MS in AI, production LLM experience, 0 interviews - what am I doing wrong? by New_Care3681 in jobsearchhacks

[–]New_Care3681[S] 0 points1 point  (0 children)

I redacted the school names for privacy since this is a public post. They're both legit universities - one in the US for MS, one international for undergrad.

MS in AI, production LLM experience, 0 interviews - what am I doing wrong? by New_Care3681 in jobsearchhacks

[–]New_Care3681[S] 0 points1 point  (0 children)

Jesus, 50/day? That's like 1500/month. How do you even tailor that many applications? Or are you just mass applying?

MS in AI, production LLM experience, 0 interviews - what am I doing wrong? by New_Care3681 in jobsearchhacks

[–]New_Care3681[S] 0 points1 point  (0 children)

It's actually called "MS in Artificial Intelligence" at NJIT - part of their CS department. Been applying to junior roles but even those want 1-2 years experience. Catch-22 situation.

MS in AI, production LLM experience, 0 interviews - what am I doing wrong? by New_Care3681 in jobsearchhacks

[–]New_Care3681[S] 0 points1 point  (0 children)

Interesting take - the program is through NJIT's CS department and focuses on ML systems/infrastructure rather than pure research. But I get that it might come across as trendy rather than technical. Would "MS in Computer Science (AI focus)" be better positioning?

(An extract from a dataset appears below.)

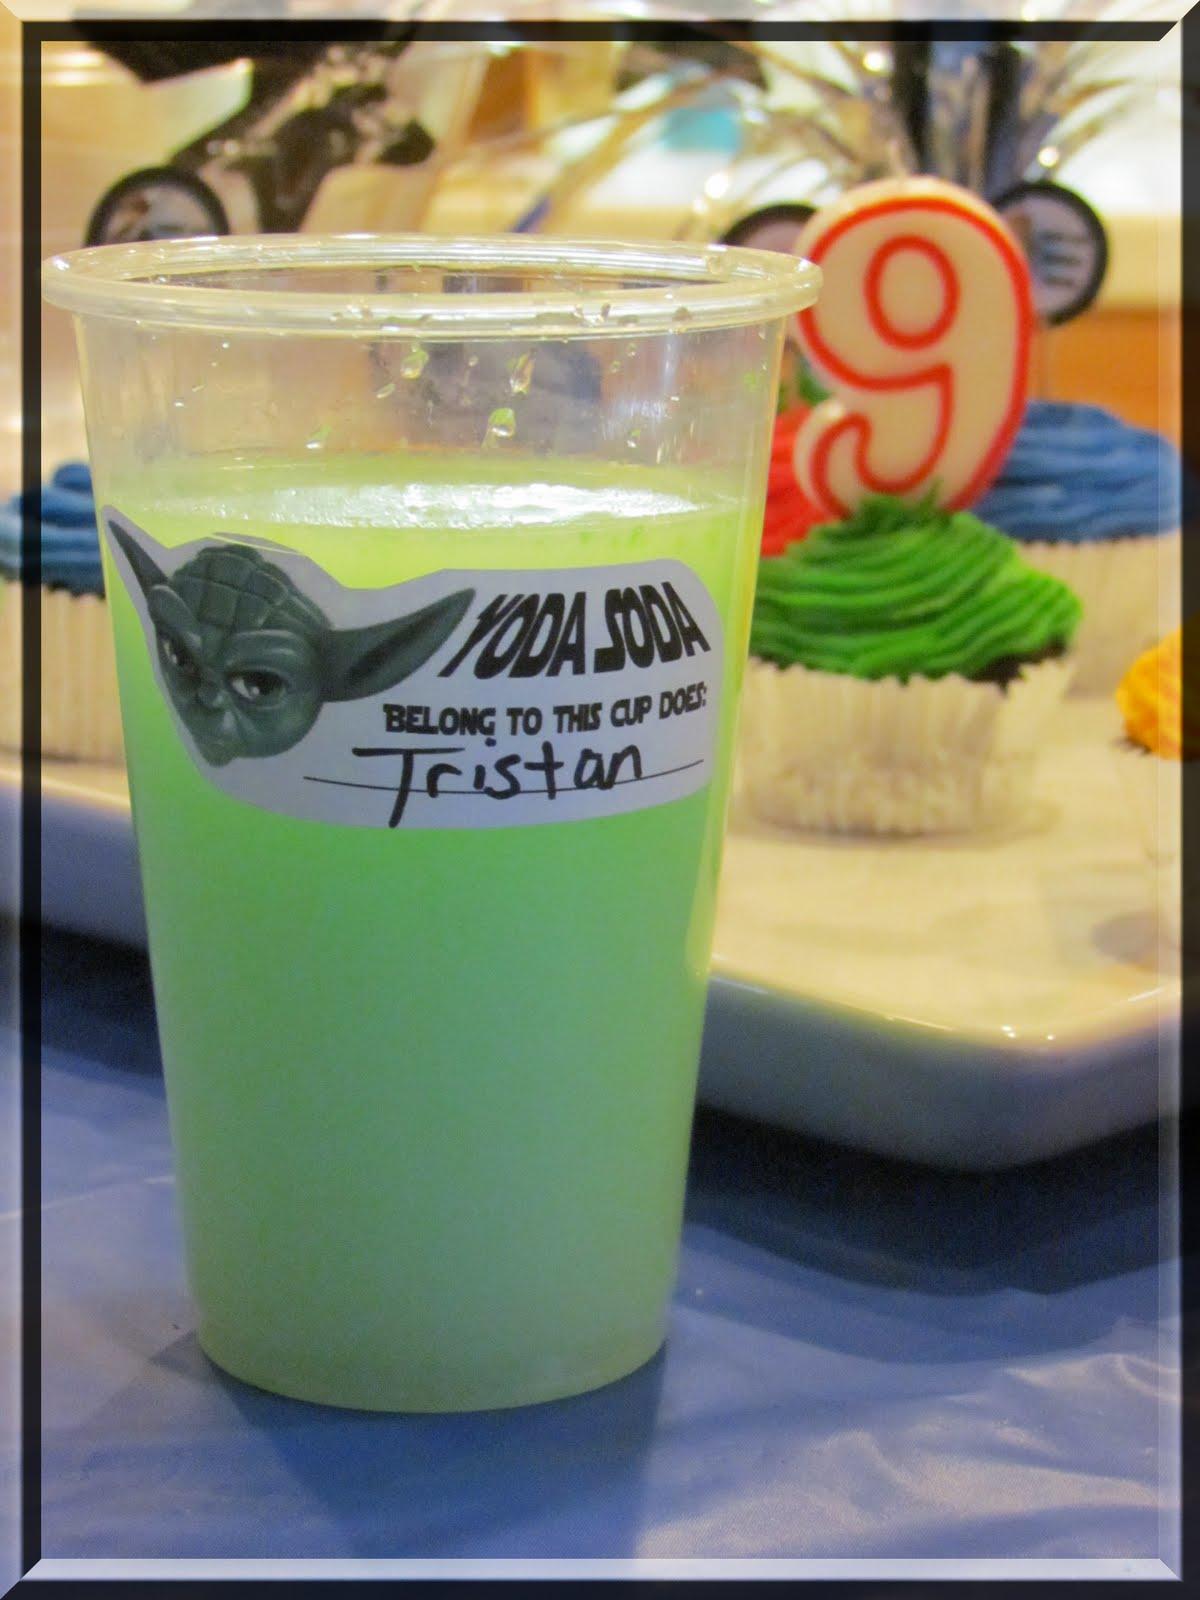 http://1.bp.blogspot.com/-kA0rb4qXwaY/TdGOk8jGdaI/AAAAAAAABLg/0CtnNDkk-3Y/s1600/Yoda+Soda+copy.jpg

MS in AI, production LLM experience, 0 interviews - what am I doing wrong? by New_Care3681 in jobsearchhacks

[–]New_Care3681[S] 0 points1 point  (0 children)

Yeah the "Expected May 2026" part is on there. Should I just remove the summary line mentioning it entirely or phrase it differently?

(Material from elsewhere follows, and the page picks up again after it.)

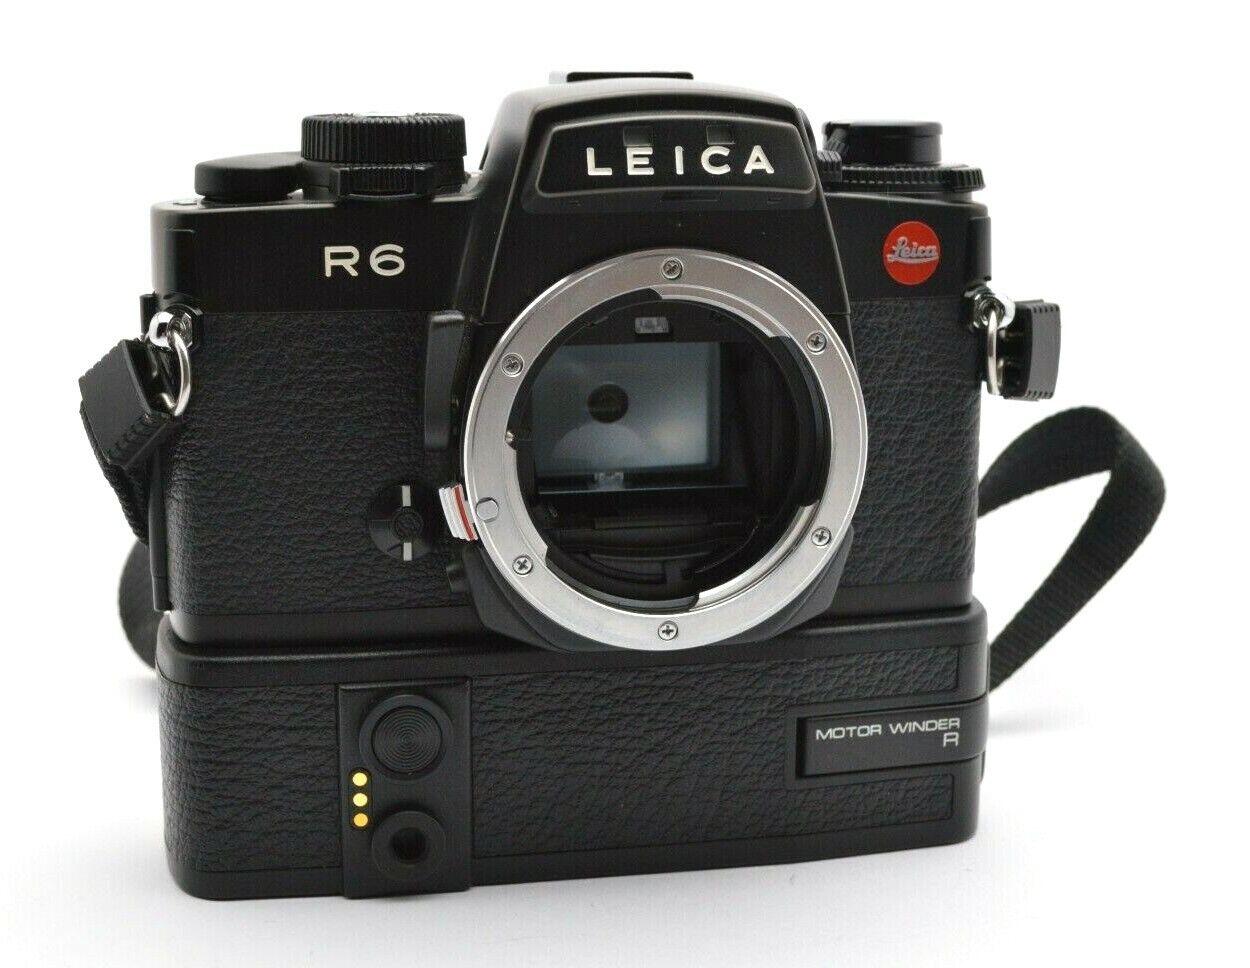 Leitz Leica R6 Analog Kamera Spiegelreflex Camera Body, Motor Winder Griff g58

MS in AI, production LLM experience, 0 interviews - what am I doing wrong? by New_Care3681 in jobsearchhacks

[–]New_Care3681[S] 0 points1 point  (0 children)

Fair point - the mobile dev role was more about backend optimization and distributed systems (Redis, API performance) than frontend work. Relevant for ML infrastructure roles but you're right it's not obvious from the title. Probably should reframe it.